Lake in Wisconsin, USA

Trout Lake is in Vilas County, Wisconsin, near the towns of Boulder Junction and Arbor Vitae, Wisconsin. With a surface area of 16.079 km2 and a volume of 0.240 km3, Trout Lake is one of the largest lakes in Vilas County. It has 25.9 km of shoreline, a large portion of which is undeveloped. There are also seven islands within the lake: Miller Island, Zimmerman Island, Haunted Island, Easter Island, Fisk Island, Chocolate Drop Island, and an unnamed island. It is a dimictic oligotrophic lake that supports a large number of sport fish, which has made it a popular angling destination.

==Physical aspects==
===Geography===
Trout Lake's contributing watershed comprises an area of 112.52 km2. The lake has a maximum width of 2.19 km and a surface elevation of 492 m. Trout Lake is part of Vilas County which is highly interconnected with bodies of water, with lakes and ponds covering more than 15% of its total area.

===Geology===
The lake's origin is as a glacial drainage lake, classified more specifically as a kettle lake. The lake bottom includes gravel, marl, rubble and bedrock, with the surface rock composition of the Trout Lake region determined by Pleistocene era deposits.
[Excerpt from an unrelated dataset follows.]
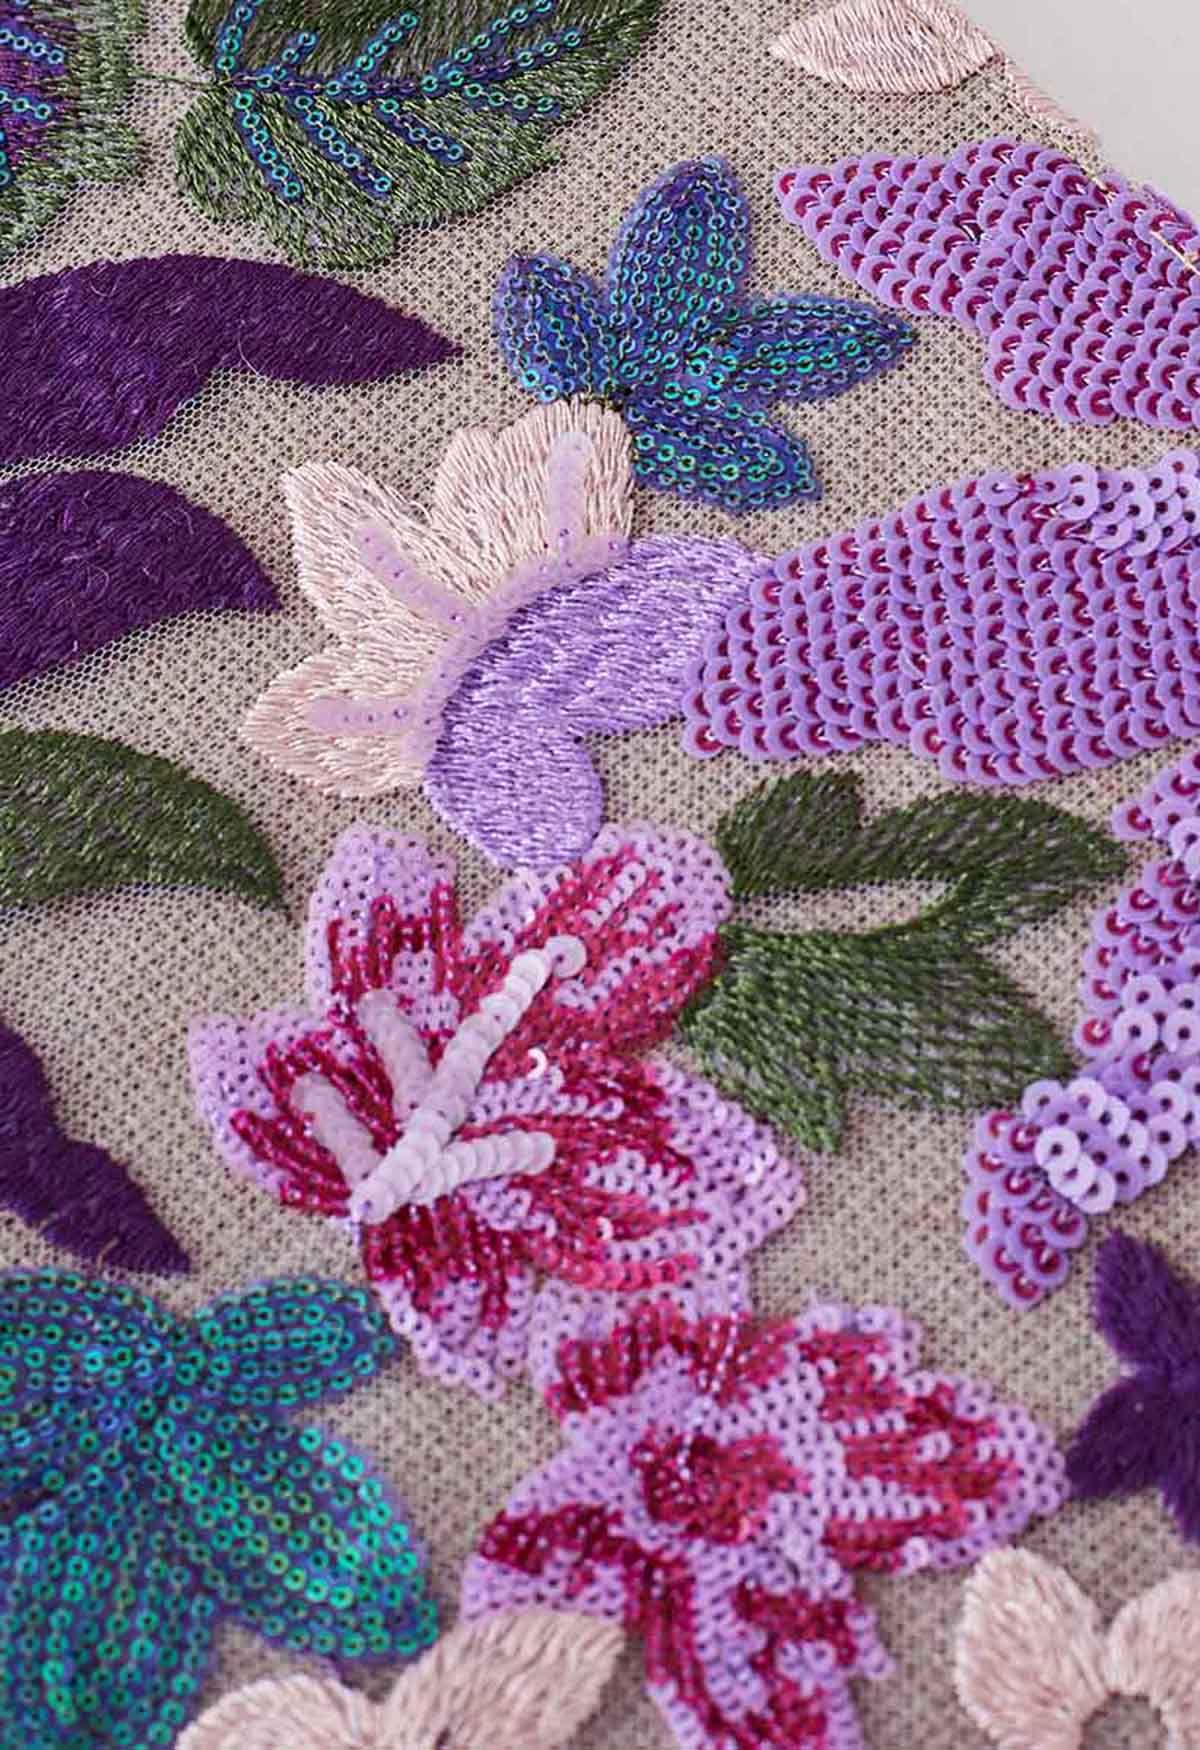 Einkaufstasche mit Bambusgriff und Pailletten-Blumenstickerei in Violett

Glacial drumlin fields still remain west of Trout Lake which include a loamier soil makeup, while soil in non-drumlin or moraine areas of Vilas County are sandy with a relatively low water capacity, stemming from glacial outwash.

===Hydrology===
Trout Lake has a maximum depth of 35.66 m, maximum fetch of 5.87 km and maximum surface wave height of approximately 0.8 m. The water reaches a maximum temperature of 26.28 °C and a minimum of 0.232 °C, contributing to a frozen period range of approximately 78–171 days. Its primary inflows are North Creek, Stevenson Creek, Allequash Creek, and Mann Creek.

==Water quality==
Trout Lake is a oligotrophic lake based on a mean summer Secchi depth of 5 m. Trout Lake is dimictic, meaning it mixes twice a year (spring and fall), and is thermally stratified in the summer and winter. Past surveys have also indicated a mesotrophic classification. The lake sports a 2.8 - 10.6 m annual depth range in Secchi disk-measured water visibility from 1981 to 2020.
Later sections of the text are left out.